Panoramas and viewsheds at Gettysburg

Here, (via The Dish) an interesting interactive article by Anne Kelly Knowles, from The Smithsonian, showing what commanders could and couldn't see during crucial points during the Battle of Gettysburg. It's really fun, and well worth a look.

We're used to seeing God's-eye-views of battlefield diagrams which show everything, and also know how things worked out, so we get a skewed sense of what it was like then.

The article shows panoramas, which lets you scan across a generated image of what the battlefield actually looked like from a commander's point of view. Of course, it is devoid of concealing smoke and mist, as well as time pressure, noise of detonations, and constant influx of frantic written and spoken messages.

In addition, you can examine viewsheds, which show the map with blind areas from the commander's point of view. You can see how at crucial points, Lee had no way to see significant parts of the Union force. Of course, he did not need to rely solely on his own eyesight: he got those aforementioned frantic messages.

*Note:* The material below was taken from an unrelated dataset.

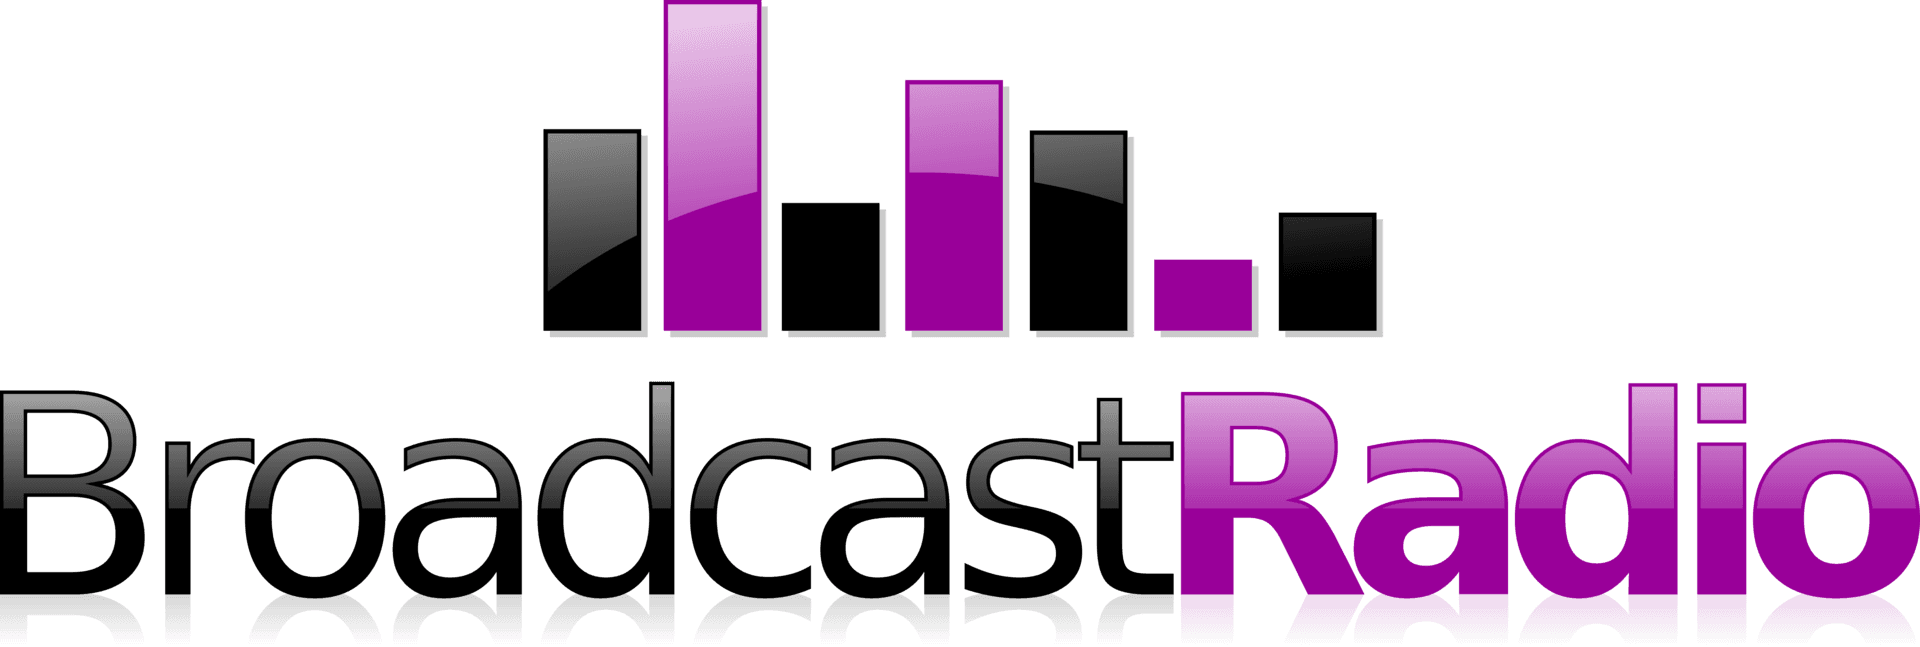 A purple and black logo for broadcast radio

Still, walking through the battle using this tool gives you a real sense of the blindness that was inherent to the technological level at which any of these battles were fought. You just couldn't see anything. How did the best commanders integrate all the information thay had into a simulation of what they concluded was out there? It's an interesting form of mental processing, and clearly only a few of them were really good at it.